Выбрать главу

   -- Вы ж читали: просит передать зеленое одеяло няне.

   -- И все?

   -- Все.

   Его хоронили с военными почестями. За гробом шла вся французская миссия. Седоусый толстопузый генерал сказал благопристойную речь о заслугах покойного перед Францией. Роберт плакал и наперерыв рассказывал, что Луи был такой хороший, такой хороший, ну прямо-таки, как природный француз. Июльское солнце жгло и ускоряло длительную процедуру; под высоченными воротниками багровели шеи, и господа офицеры торопились домой. Через полчаса я остался один. На мраморную плиту, заваленную официальными венками, я бросил горсточку лепестков:

   -- Прими на память от... живой собаки.

5

   В конце Крещатика тявкает пулемет. На витринах ювелиров остались одни серебряные ложки. За стеной плачут и возятся с чемоданом. А мне снятся сны. Не хочется и думать об отъезде. Я снова переживаю счастливейшие минуты жизни. Их было мало, все как-то суета мешала. И цепь волшебства прерывалась. Безразлично идущее там за окном. Надо изловчиться встать попозже, часу этак во втором дня, пожевать, покурить и снова завалиться на эвакуационный диван с выпирающей пружиной.
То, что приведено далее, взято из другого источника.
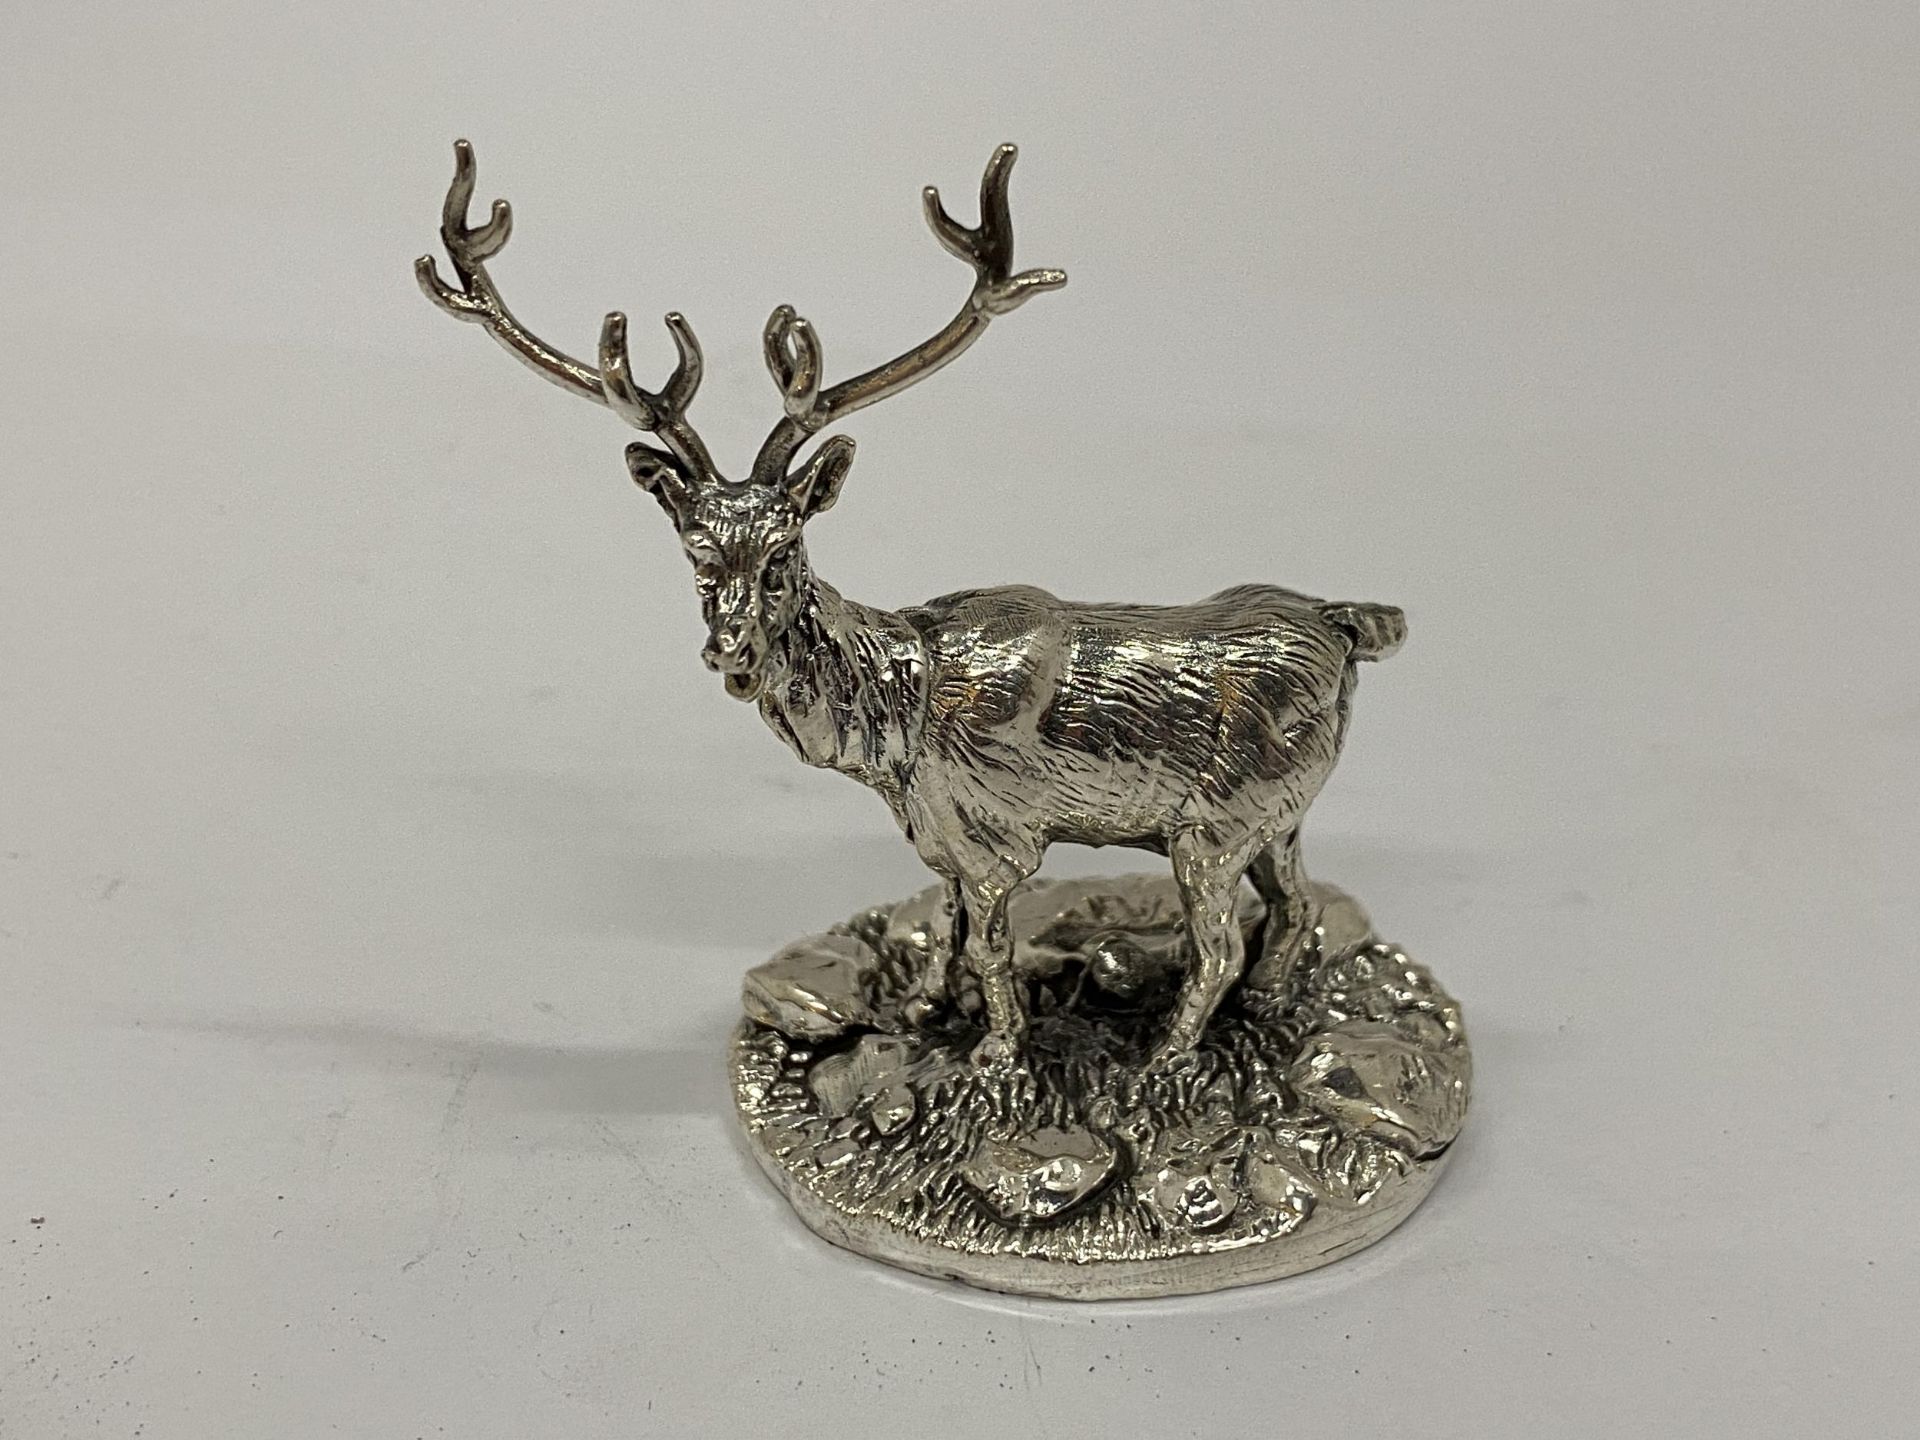 A HALLMARKED SILVER FILLED CAMELOT SILVERWARE LTD STAG FIGURE

Стоит только захотеть по-настоящему, стиснуть зубы: вчерашний сон должен продолжаться, должен, должен... Нет жизни слаще, чем во власти снов. Он длится уже неделю. Не сразу, чуть закрыл глаза. Нет. Сперва отсутствие каких бы то ни было определенных образов, потом галиматья отрывочных слов, словно куски газетных листов, строки набивших оскомину стихов. И только к рассвету закутаешься покрепче и млеешь от сладких и страшных предчувствий... Плохо одно: наутро забываешь. Стройность рушится. Но и тут я -- еще с Москвы разработал теорию: чуть открыл глаза, галопом к столу и записываю. Сон последней Киевской недели мне все же удалось сберечь целиком, как ни звенели трамваи, как ни метались по коридору бегущие жильцы.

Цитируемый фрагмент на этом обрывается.